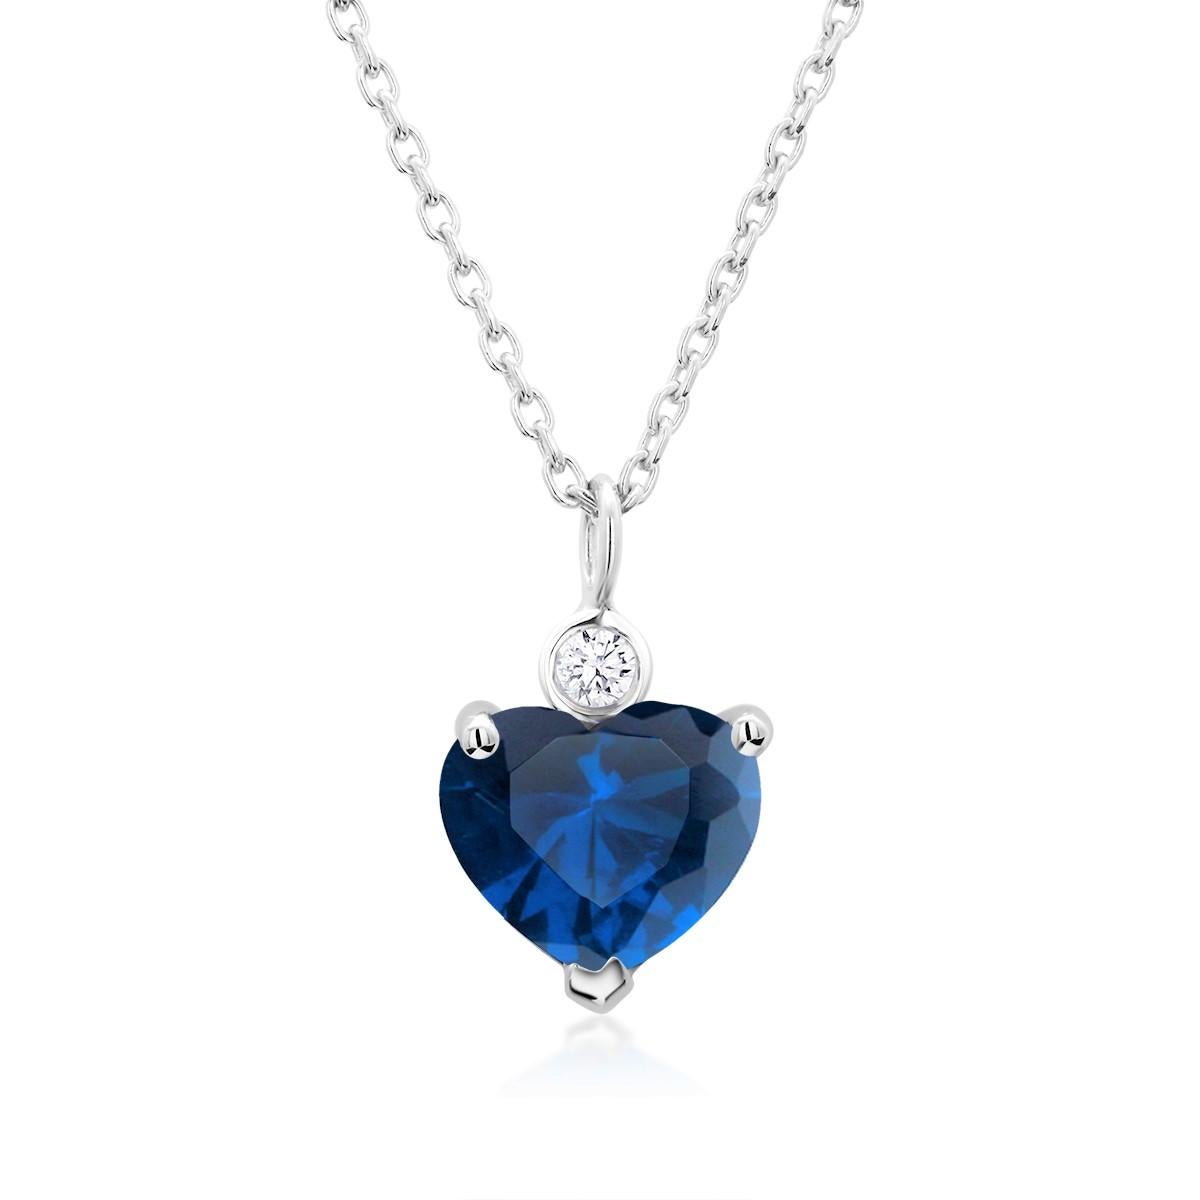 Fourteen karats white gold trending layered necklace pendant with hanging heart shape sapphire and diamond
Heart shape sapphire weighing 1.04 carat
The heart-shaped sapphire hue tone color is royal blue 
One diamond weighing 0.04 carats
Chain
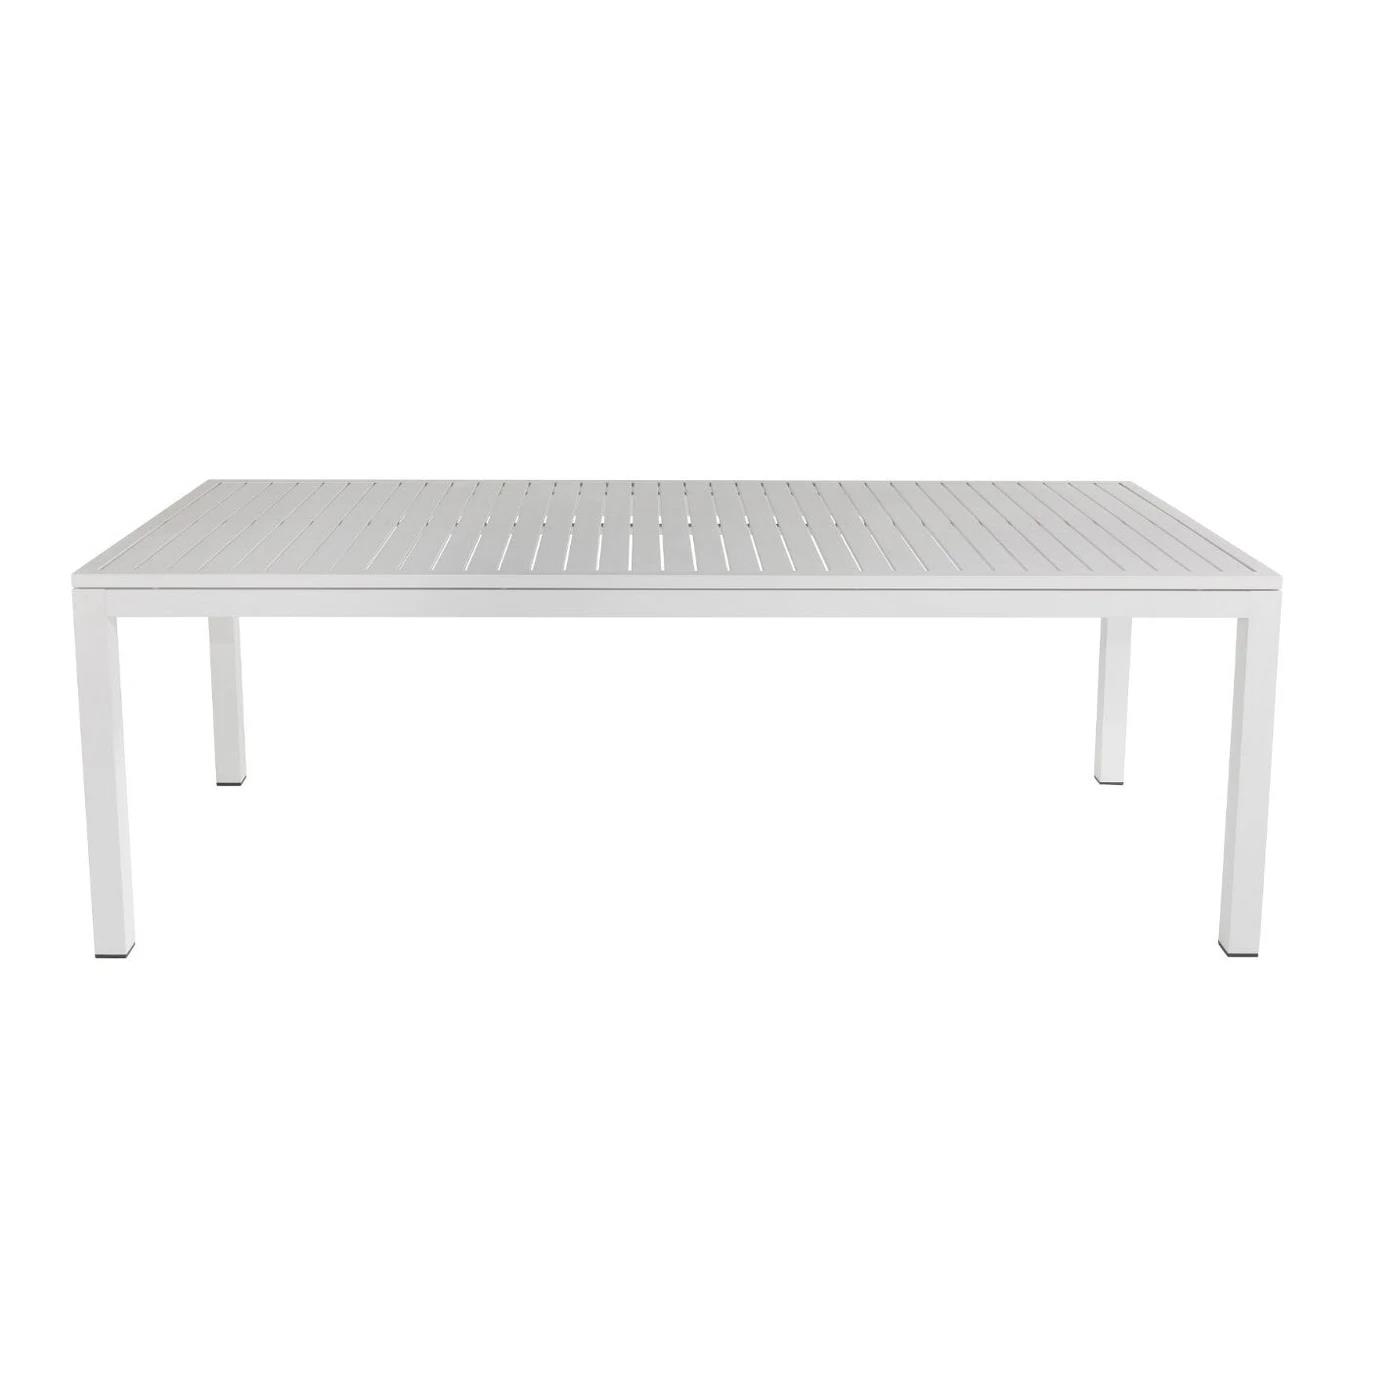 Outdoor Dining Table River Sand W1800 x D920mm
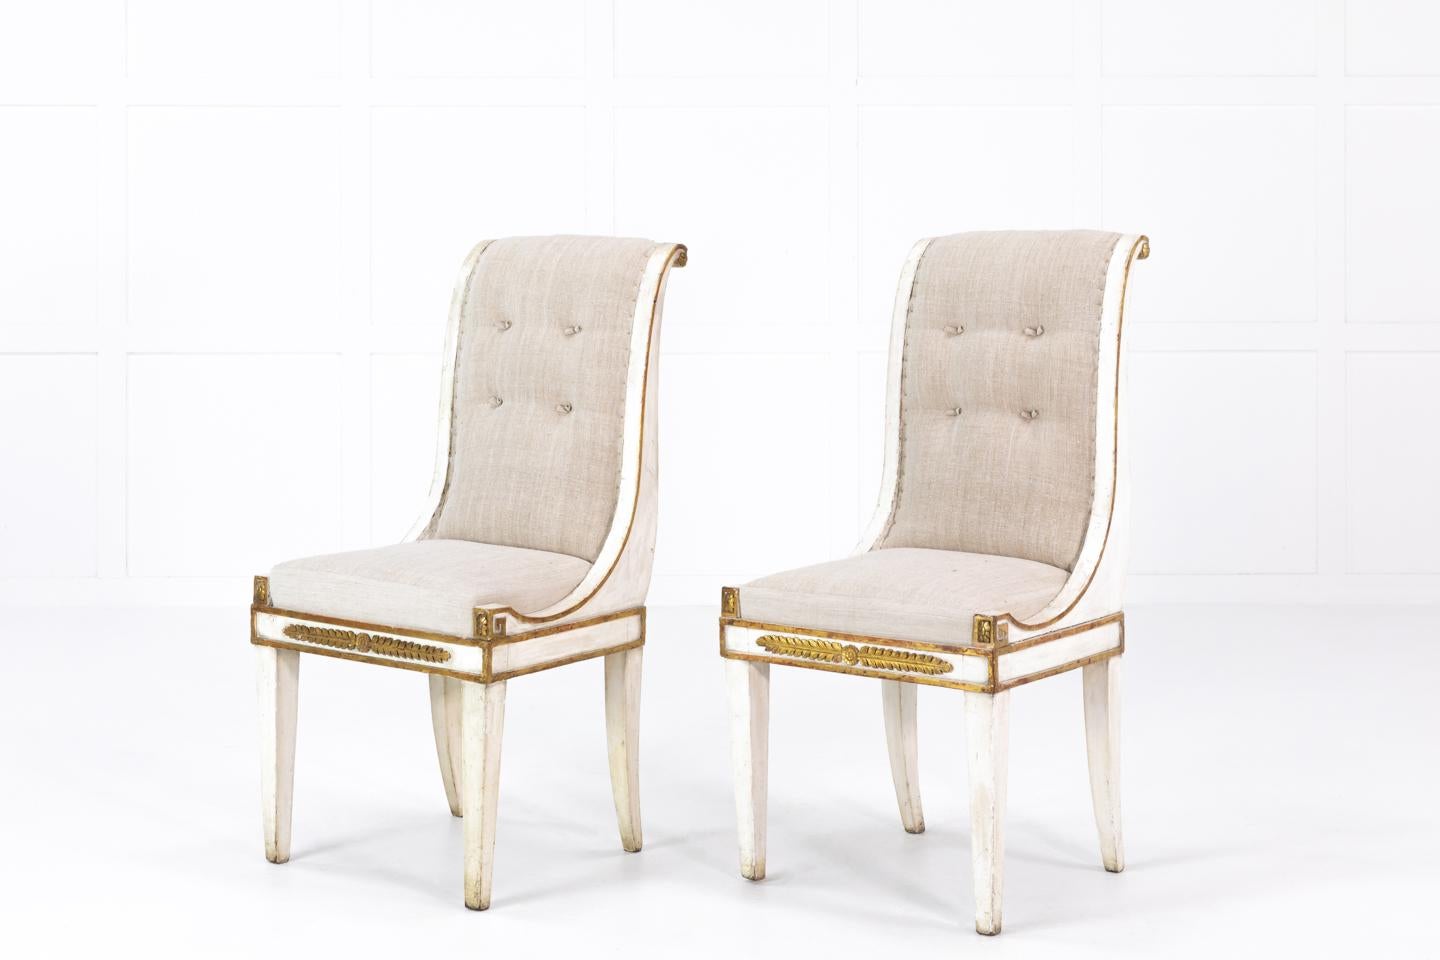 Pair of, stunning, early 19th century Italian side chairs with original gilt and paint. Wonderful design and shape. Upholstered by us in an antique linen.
______________________________
HOW TO COMPLETE THIS TASK
Leave the pictures out and copy the rest of the data exactly.

EXERCISE OUTPUT
 Fourteen karats white gold trending layered necklace pendant with hanging heart shape sapphire and diamond
Heart shape sapphire weighing 1.04 carat
The heart-shaped sapphire hue tone color is royal blue 
One diamond weighing 0.04 carats
Chain
 Outdoor Dining Table River Sand W1800 x D920mm
 Pair of, stunning, early 19th century Italian side chairs with original gilt and paint. Wonderful design and shape. Upholstered by us in an antique linen.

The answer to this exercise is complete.